Introducing New Players To The Hobby

I talk about this here from time to time, but with the discussion on Friday I figured it might be a good time to bring it up again. Introducing new players to the hobby is both easier and harder than ever. In general, some of the stigma around RPGs seems to be gone as the concept of people of all ages playing games becomes more and more accepted. However, there are also new challenges in the age of videogames and past the age of MMOs.

Keep The Books Out Of It
I've spoken to a lot of people about getting into gaming over the years. In that time I've spoken to a bunch of folks who almost never got into the hobby because their first introduction was intimidating. How so? The person who was trying to introduce them got over excited, rushed to the other room, and brought back a lot of books to stack up and show them.

Now for us gamers, that doesn't seem too bad. I mean, the books are part of the fun. However, think about it from a new person's perspective. They want in the game, and now they have several thousand pages of books to read. Now, we know that's not true. They need very little information. But that doesn't change the impression. This can be a huge turn off.

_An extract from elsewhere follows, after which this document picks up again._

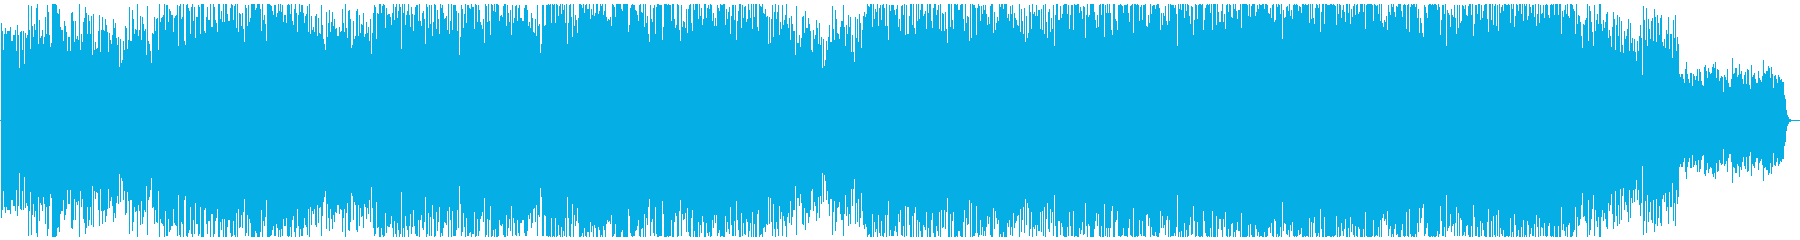 【アニメ】大空を翔ける弦とギターのPOPの再生済みの波形
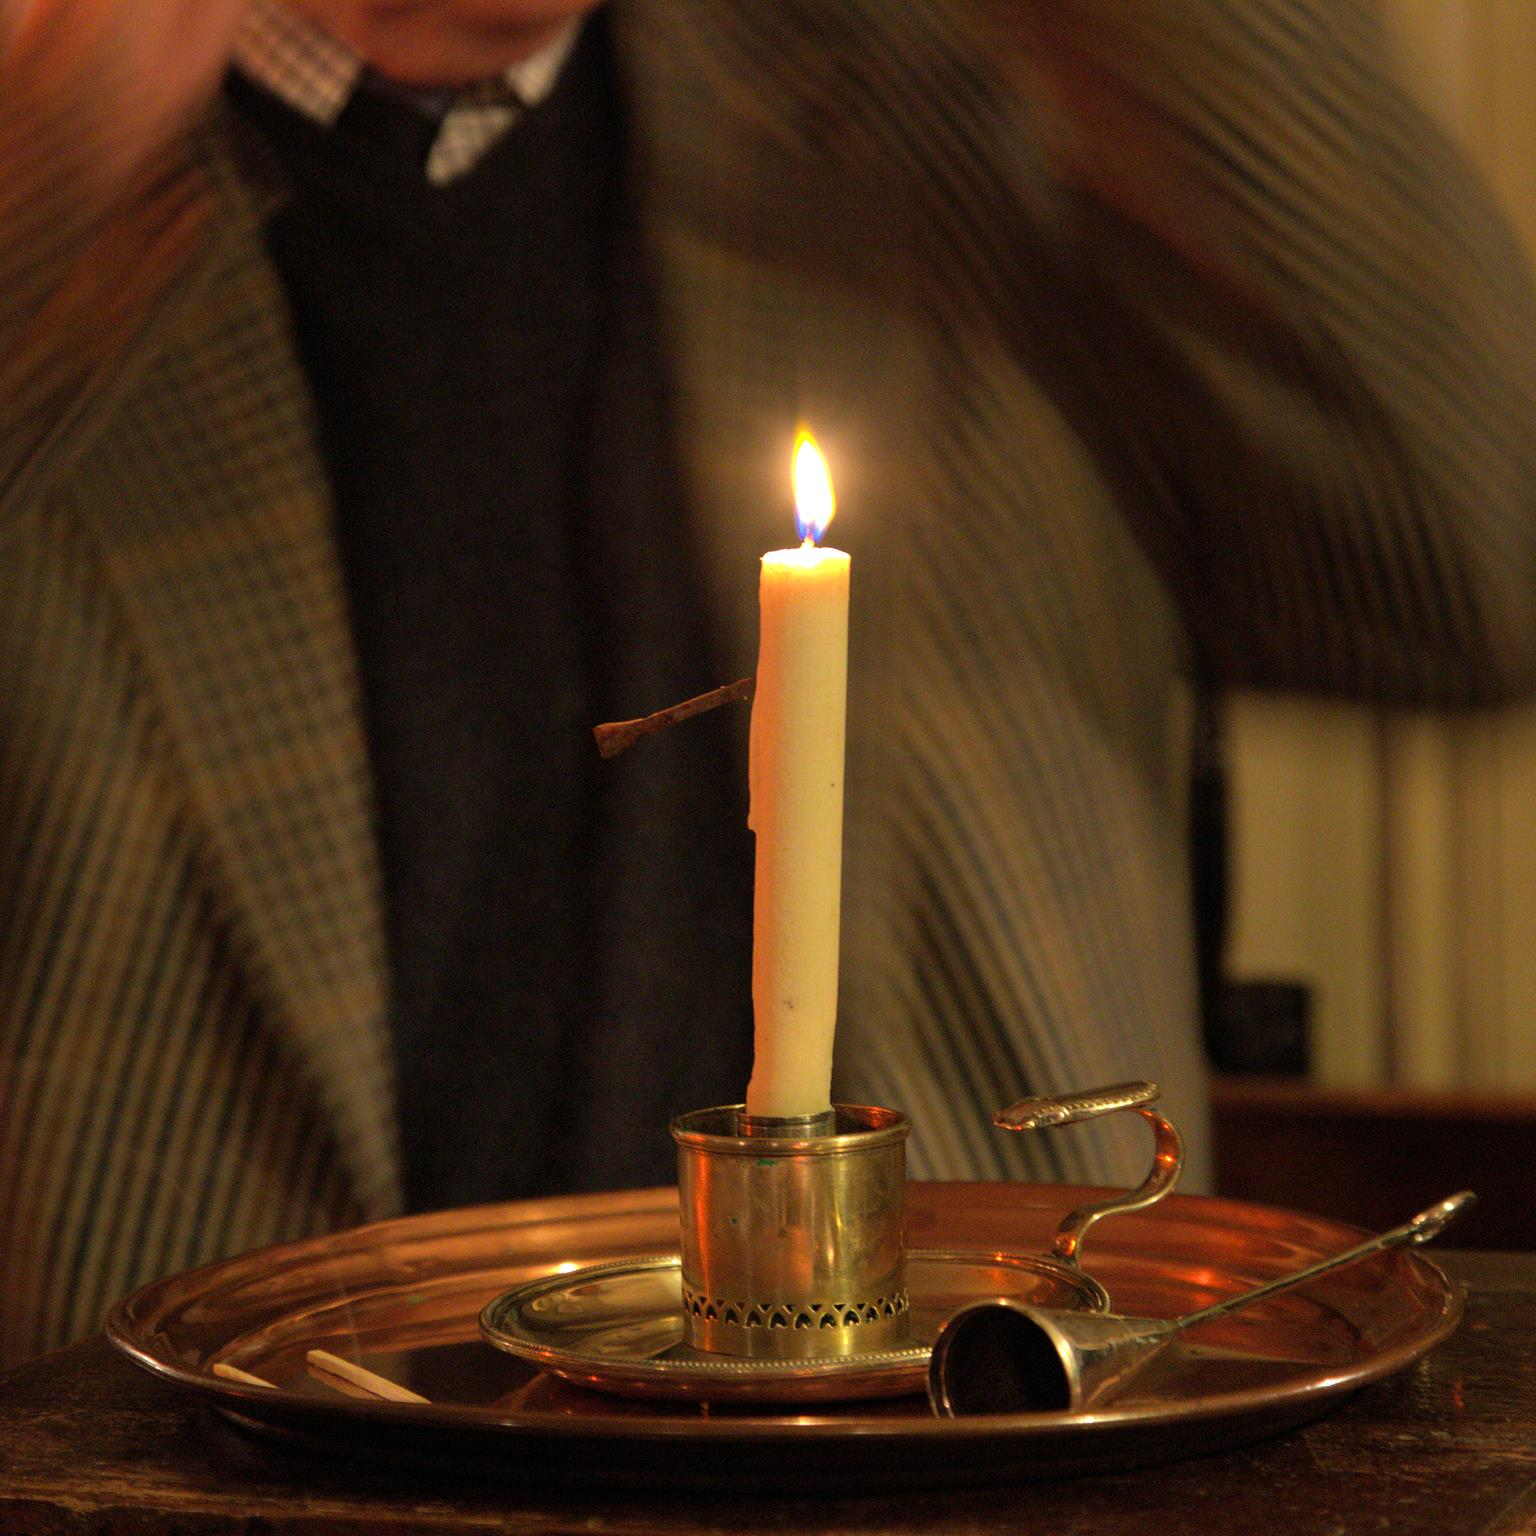 candle auction vente à la bougie vente aux enchères

With that in mind, if you need a book just grab one (a base book is probably best.) Or, even better, grab one of those quick $5 games of RPG Drive Thru that has a very small book, very simple rules, and use that.

You're trying to introduce this person to the hobby. The first step is to make it as unthreatening as possible. Trying new things is scary enough as is. Don't let the game threaten them away.

Warn Your Group And Ask Them For Help
So your new blood is showing up to game and the books haven't scared them away. That's great. The next thing to do is make sure your group both knows that there is a new player coming, and that you would like their help with bringing him in. Ask the table to help him. Warn the table that you might focus on their character a bit more to get them into the game (or that you might pair them up to help the new person out.)

Most players are more than happy to do this. A new face at the table means a new adventuring buddy and another person to keep the game going. Use your players. Let them help the new blood. Everyone benefits.

Embrace Creativity
The big strength that a table top RPG has over any other game is its ability to allow the players to make whatever choices they want. There is no videogame out there that will give the players the freedom an RPG has. Even the vaunted sandbox titles like GTA and Saint's Row don't hold a candle to the freedom an RPG gives you. You want to embrace that. Work with the new person and show them what an RPG can offer. Make it fun, and show them how their imagination and mind is the best thing they have going for them when it comes to having a good time around the table.